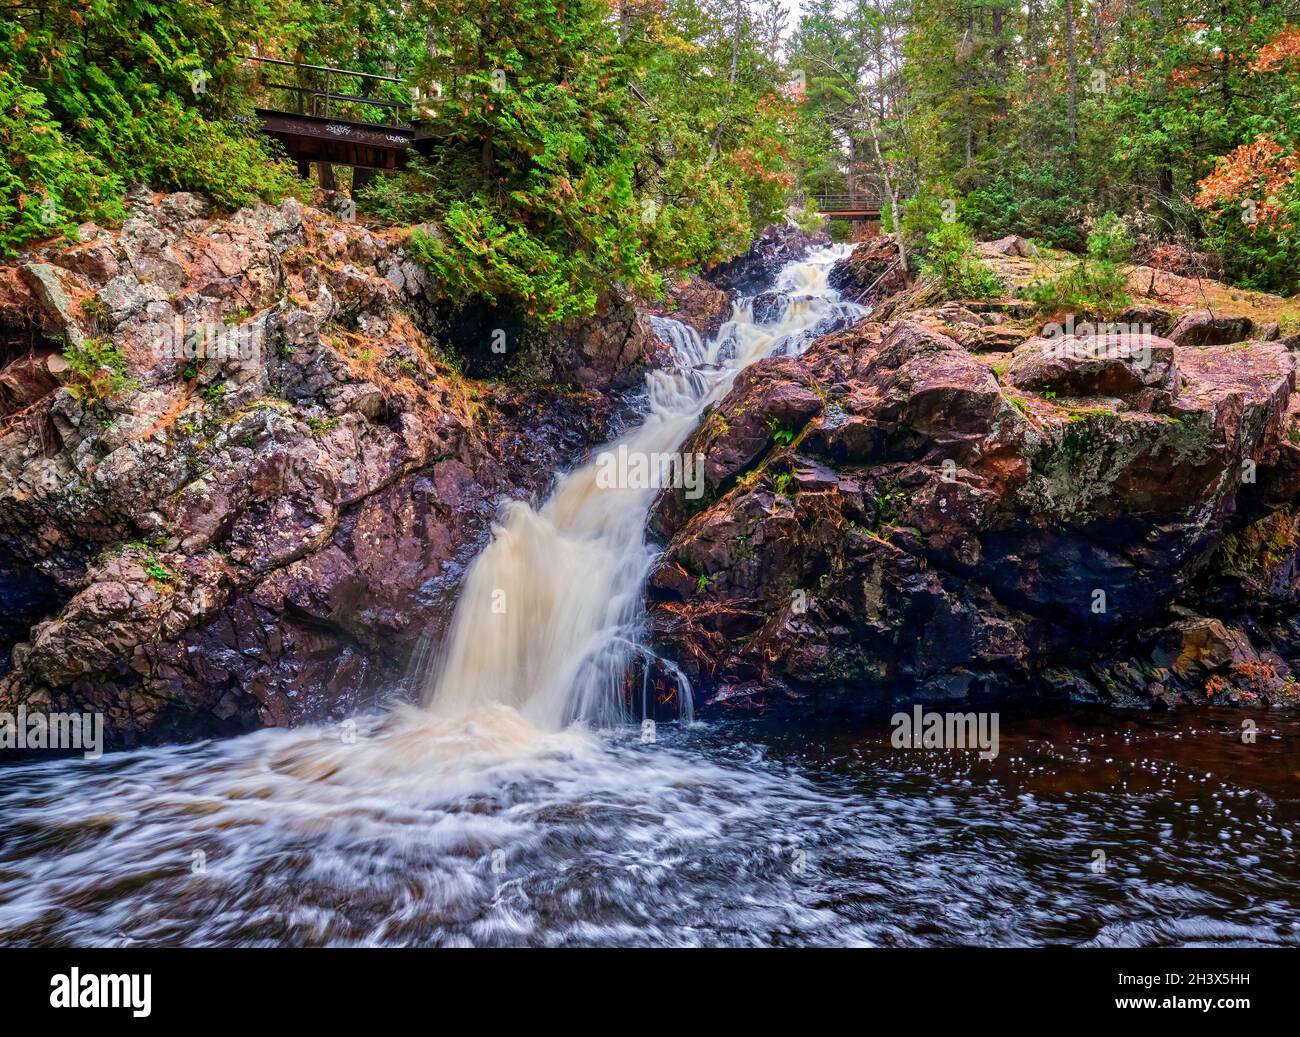 Crystal Falls is located within Hiawatha Highlands Park also known as Kinsman Park near the city of Sault Ste Marie Ontario Canada. Stock Photo
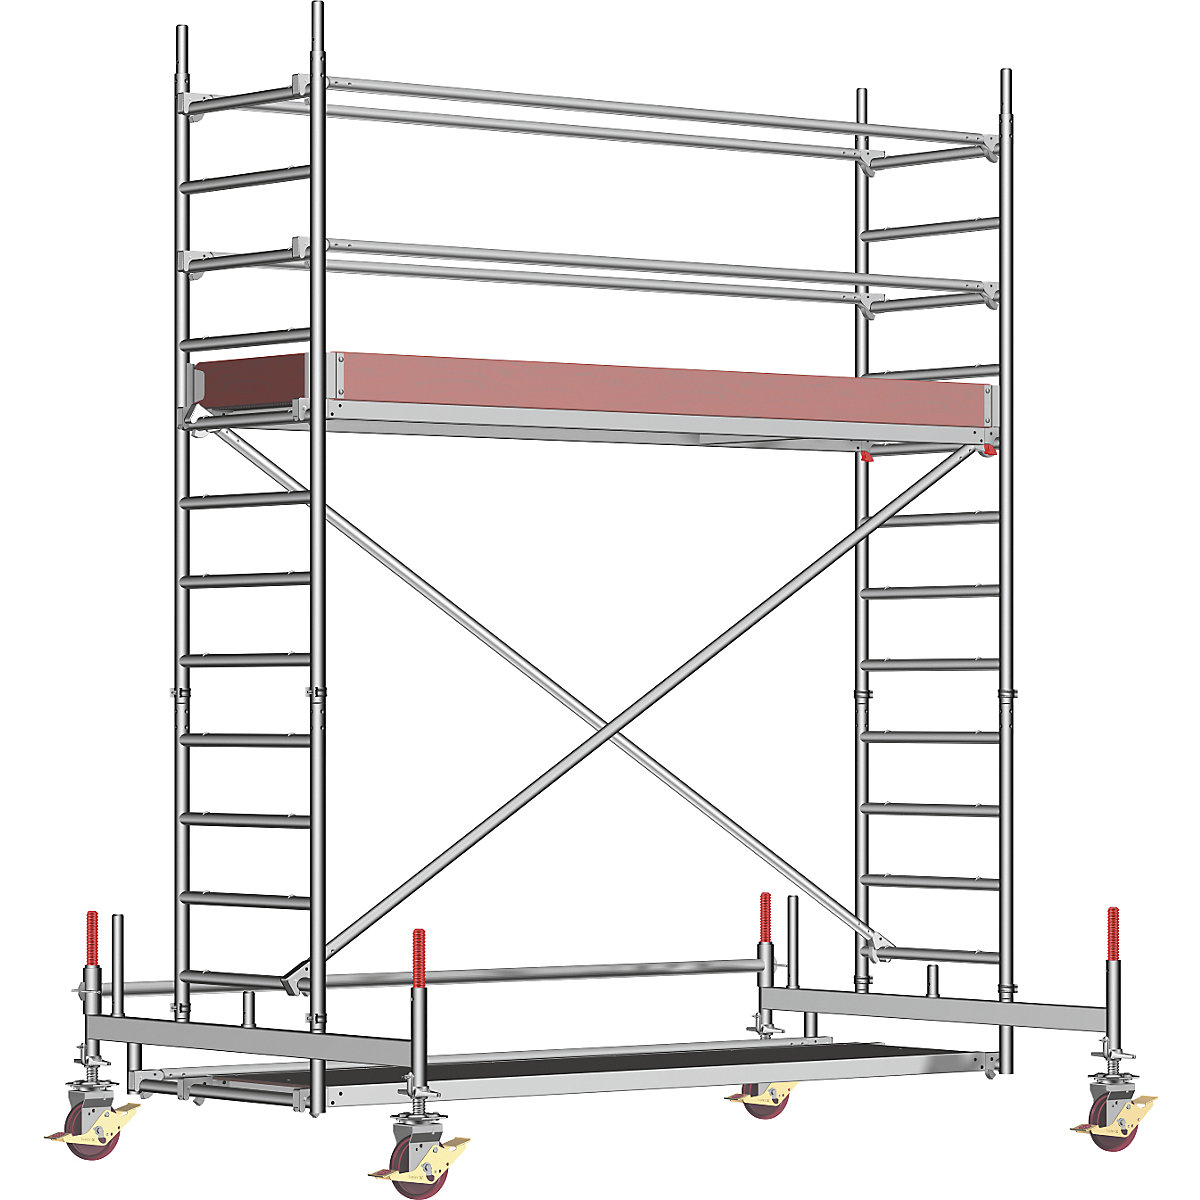 Universal mobile access tower – Layher, standard model, scaffolding height 3.58 m-10
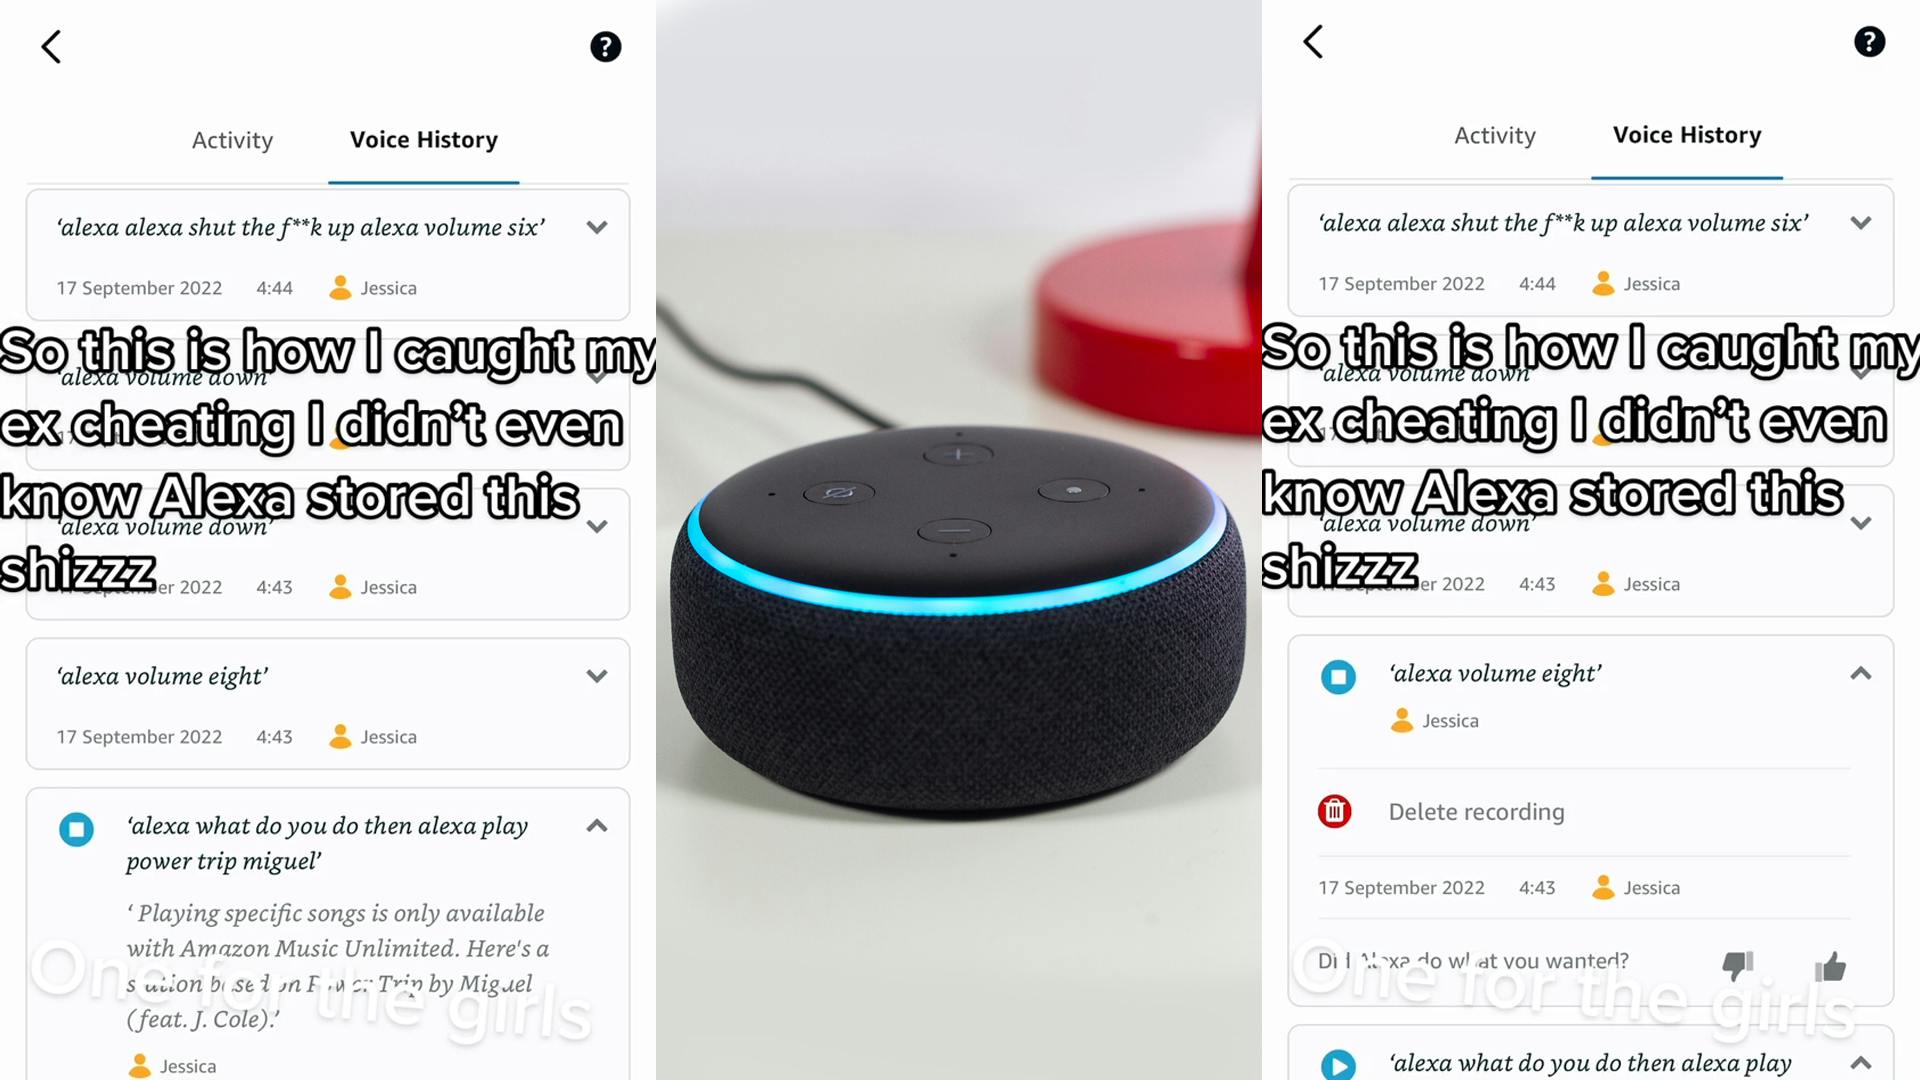 Alexa voice history 'alexa what do you do then alexa play power trip miguel' caption "So this is how I caught my ex cheating I didn't even know Alexa stored this shizzz" (l) Alexa on white surface (c) A;exa voice history 'alexa volume eight' caption "So this is how I caught my ex cheating I didn't even know Alexa stored this shizzz" (r)

EXERCISE INSTRUCTIONS: Once the pictures have been removed, reproduce each line of the material above exactly.

ANSWER AREA:
 Crystal Falls is located within Hiawatha Highlands Park also known as Kinsman Park near the city of Sault Ste Marie Ontario Canada. Stock Photo
 Universal mobile access tower – Layher, standard model, scaffolding height 3.58 m-10
 Alexa voice history 'alexa what do you do then alexa play power trip miguel' caption "So this is how I caught my ex cheating I didn't even know Alexa stored this shizzz" (l) Alexa on white surface (c) A;exa voice history 'alexa volume eight' caption "So this is how I caught my ex cheating I didn't even know Alexa stored this shizzz" (r)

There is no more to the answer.